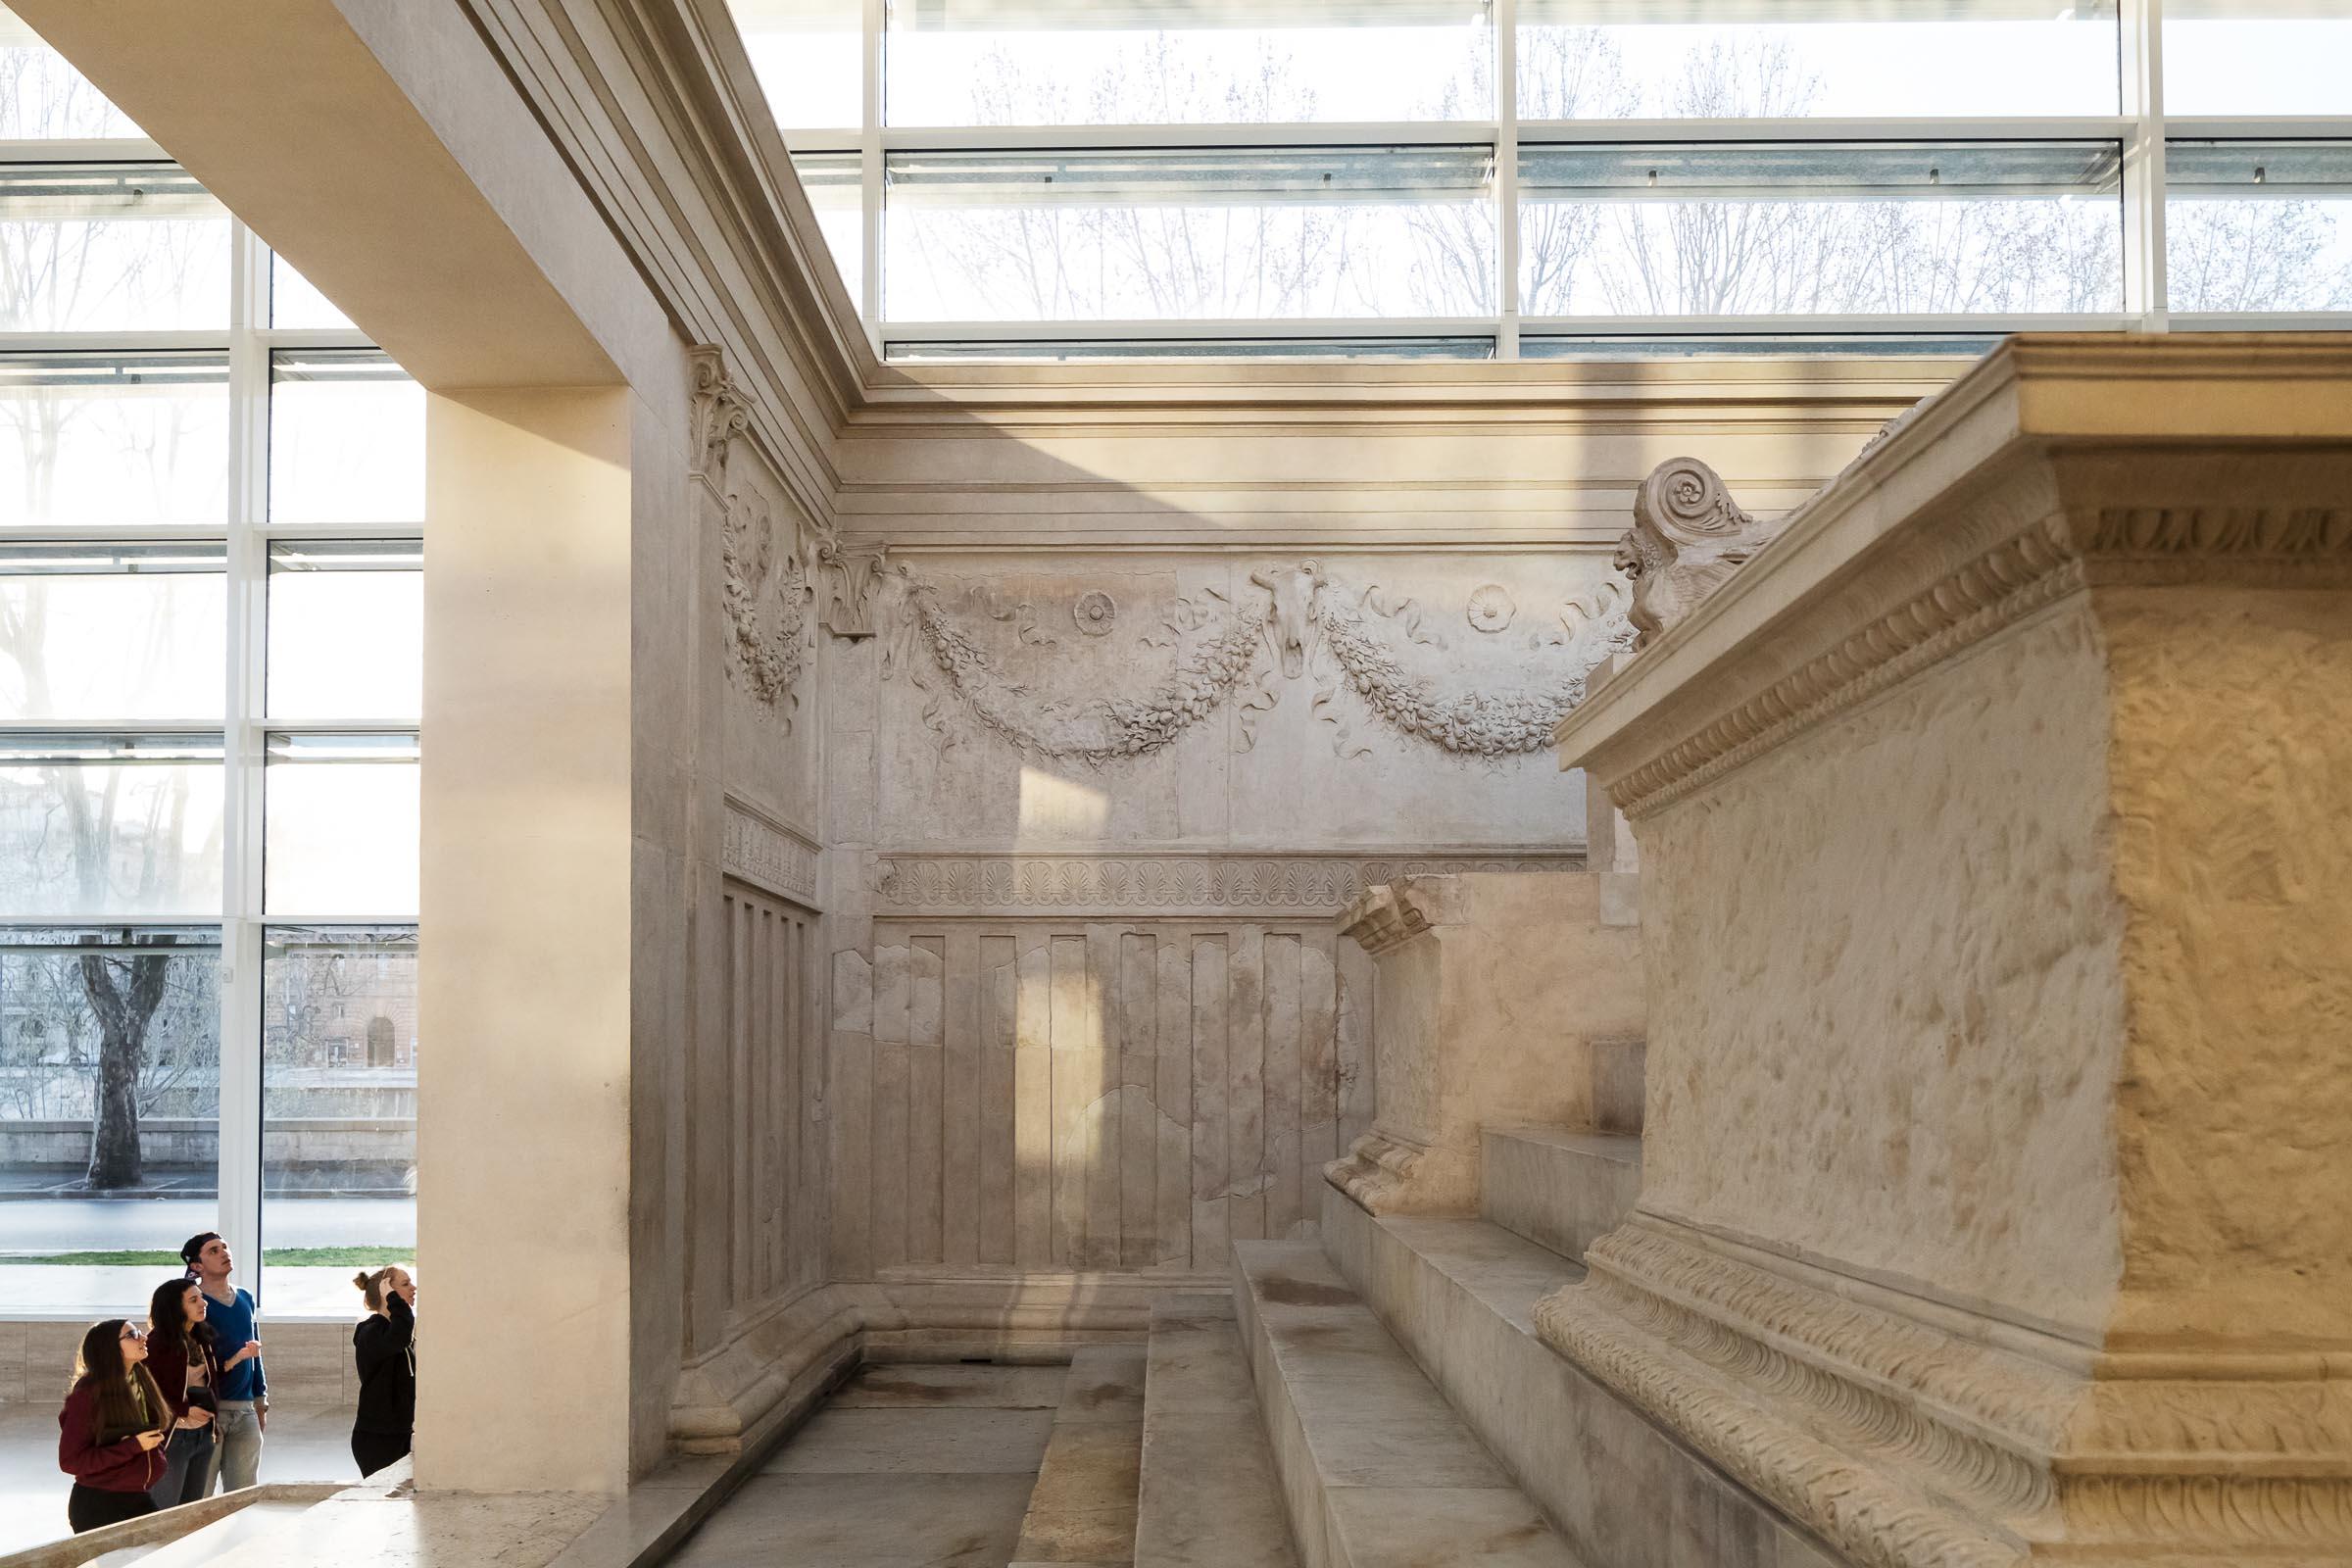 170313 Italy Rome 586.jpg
==
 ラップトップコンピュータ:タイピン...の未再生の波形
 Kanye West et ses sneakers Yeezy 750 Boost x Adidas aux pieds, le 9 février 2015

WHAT IS BEING ASKED -> Give back exactly the lines above, from the line containing "ラップトップコンピュータ:タイピン...の未再生の波形" through the line containing "Kanye West et", with both end lines and nothing more.

WRITTEN REPLY ->
 ラップトップコンピュータ:タイピン...の未再生の波形
 Kanye West et ses sneakers Yeezy 750 Boost x Adidas aux pieds, le 9 février 2015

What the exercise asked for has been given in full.